Tutorial¶
In current version, kotti_mapreduce uses only Amazon Elastic MapReduce (Amazon EMR). Let’s make a streaming job flow.
Job Container¶
First of all, create a Job Container.
Add Job Container
You can see an Edit page for Job Container. Then, input for a title what you like and click save button. Sorry, Cloud vendor is only accepted aws in current version.
Create Job Container
A Job Container content is created. You can see Resource and Bootstrap and Job Service sections.
Created Job Container
Bootstrap¶
As necessary, you can register Hadoop bootstrap processes.
Add Bootstrap
Select Action Type and input other parameters. For example, Configure Daemons is below.
Create Bootstrap
Job Service¶
Now, you’re ready to create the EMR Job Flow. Before creating a job flow, make a job service to be able to include several job flows. The job service is used as a container for jobflows.
Add Job Service
Select Resource to be used on this job service.
Note
Job Service requires a resource so you have to register the resource at least one.
Create Job Service
After saving a job service, you can see below page.
Created Job Service
Job Flow¶
Let’s keep trying a little longer. We believe you already get used to Kotti user interface. Take it easy!
Add Job Flow
Job type is important configuration to select Hadoop application. There three applications as below.
- hive
- custom-jar
- streaming
If your application requires bootstrap processes, set them as the job flow’s configuration. For example, Streaming Job is below.
Create Job Flow
Job Step¶
This is last task. Add several steps to a job flow.
Add Job Step
This step is a Word Count Example.
Create Job Step
Select Job Step link to add another job step. Or, back to upper job flow after you created a job step.
Created Job Step
You can confirm information about job flow by clicking Resource Info, Bootstrap Info and Unexecuted Step Info button.
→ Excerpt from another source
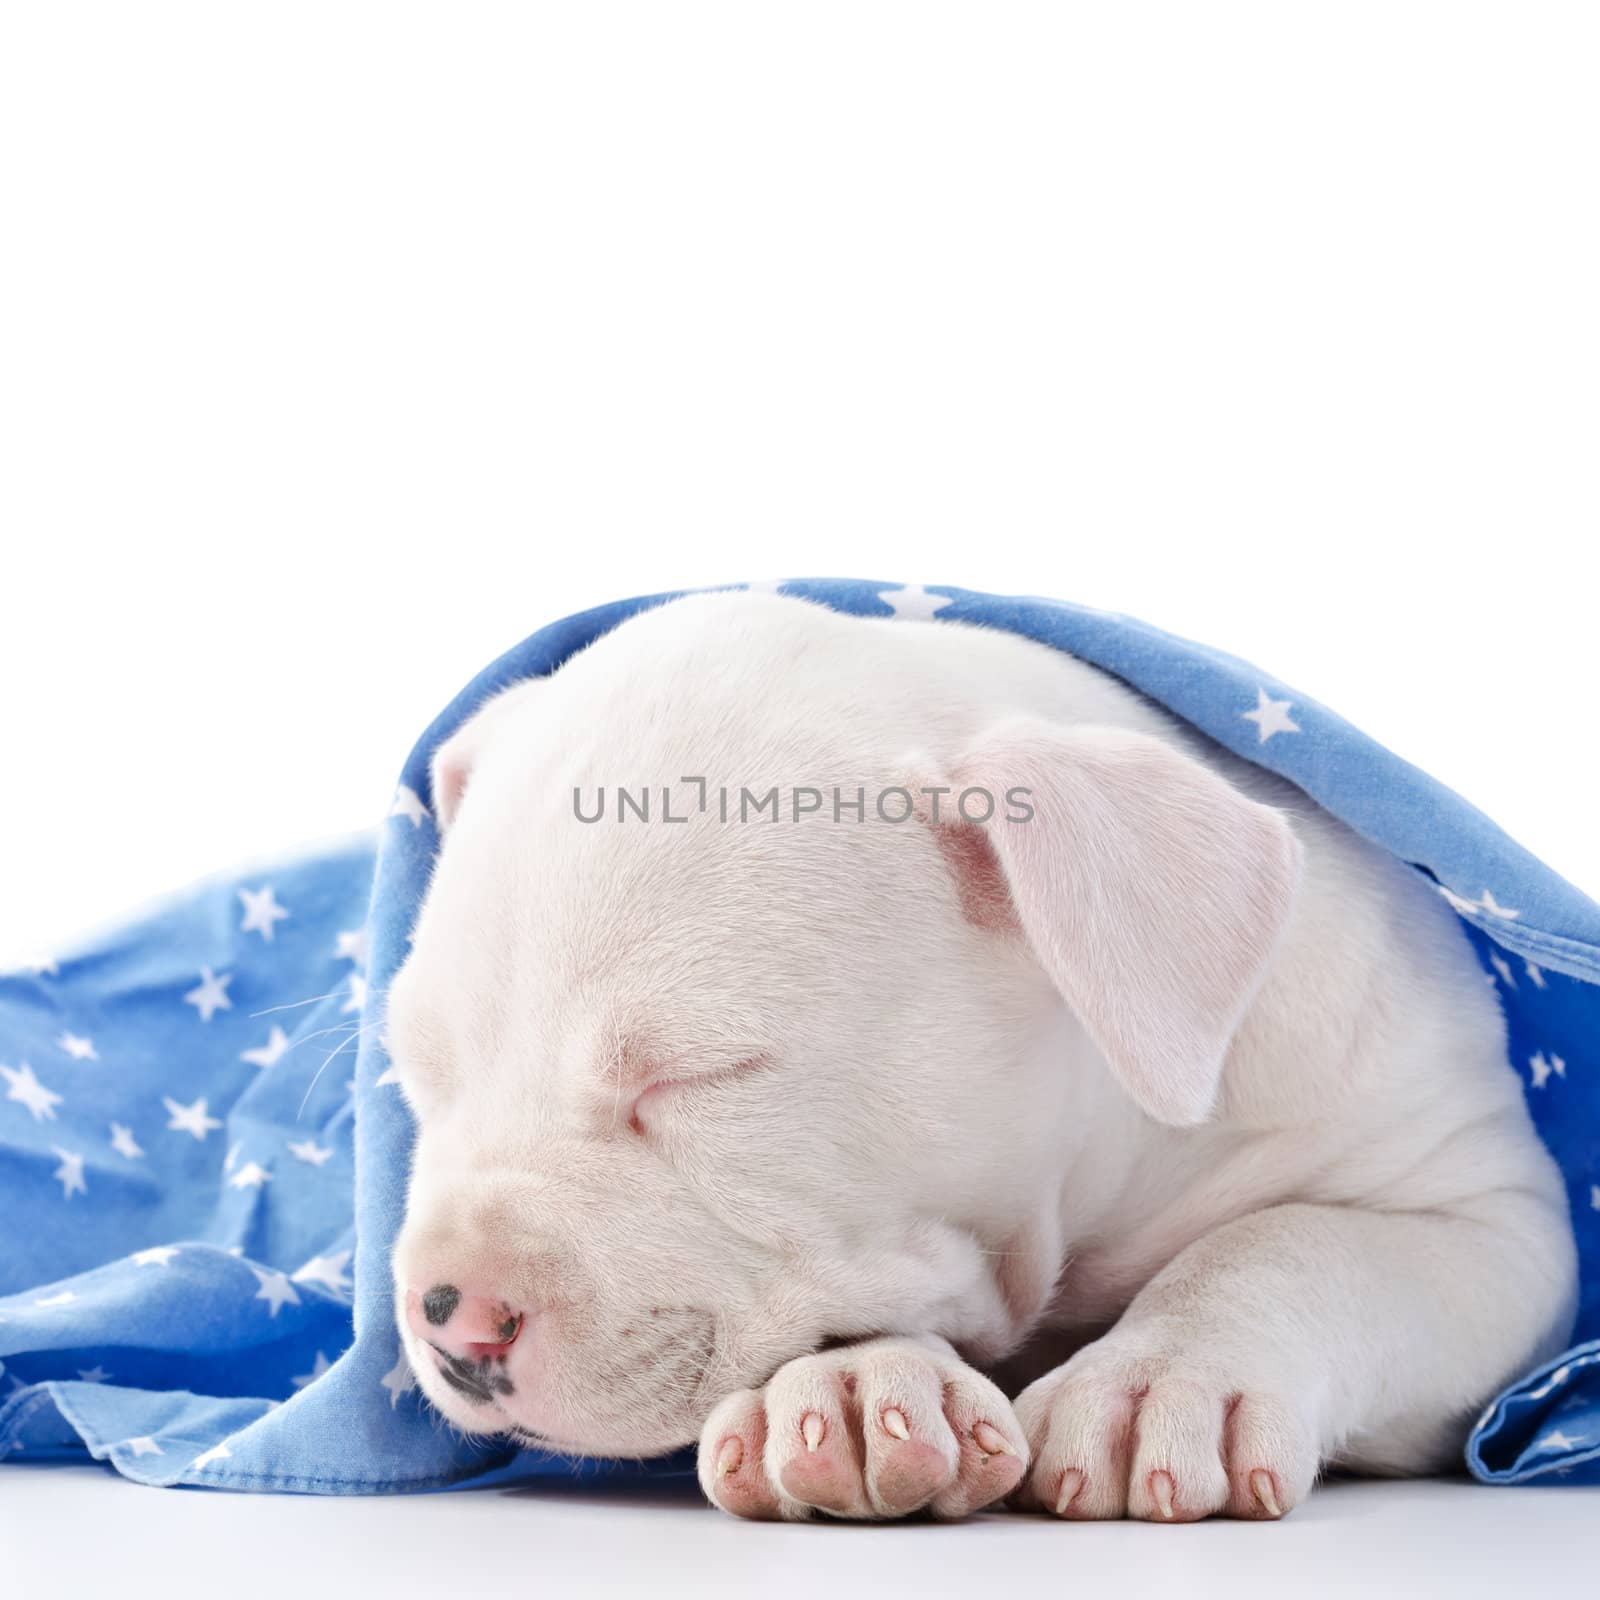 American Staffordshire Terrier Dog Puppy covered with blue starry blanket, sleeping, head closeup

Now, Run Jobflow button is appeared. It means all settings are completed.
Run Job Flow
Click Run Jobflow button, then you’ll see the job flow’s information. To show latest information, click Refresh button.
View Job Flow Status
Get Log¶
Your job flow is finished, then you can get the logs. The log is located on Log URI of ref:resource. To get download each log file, click an icon next to its log file name.
Get Log from S3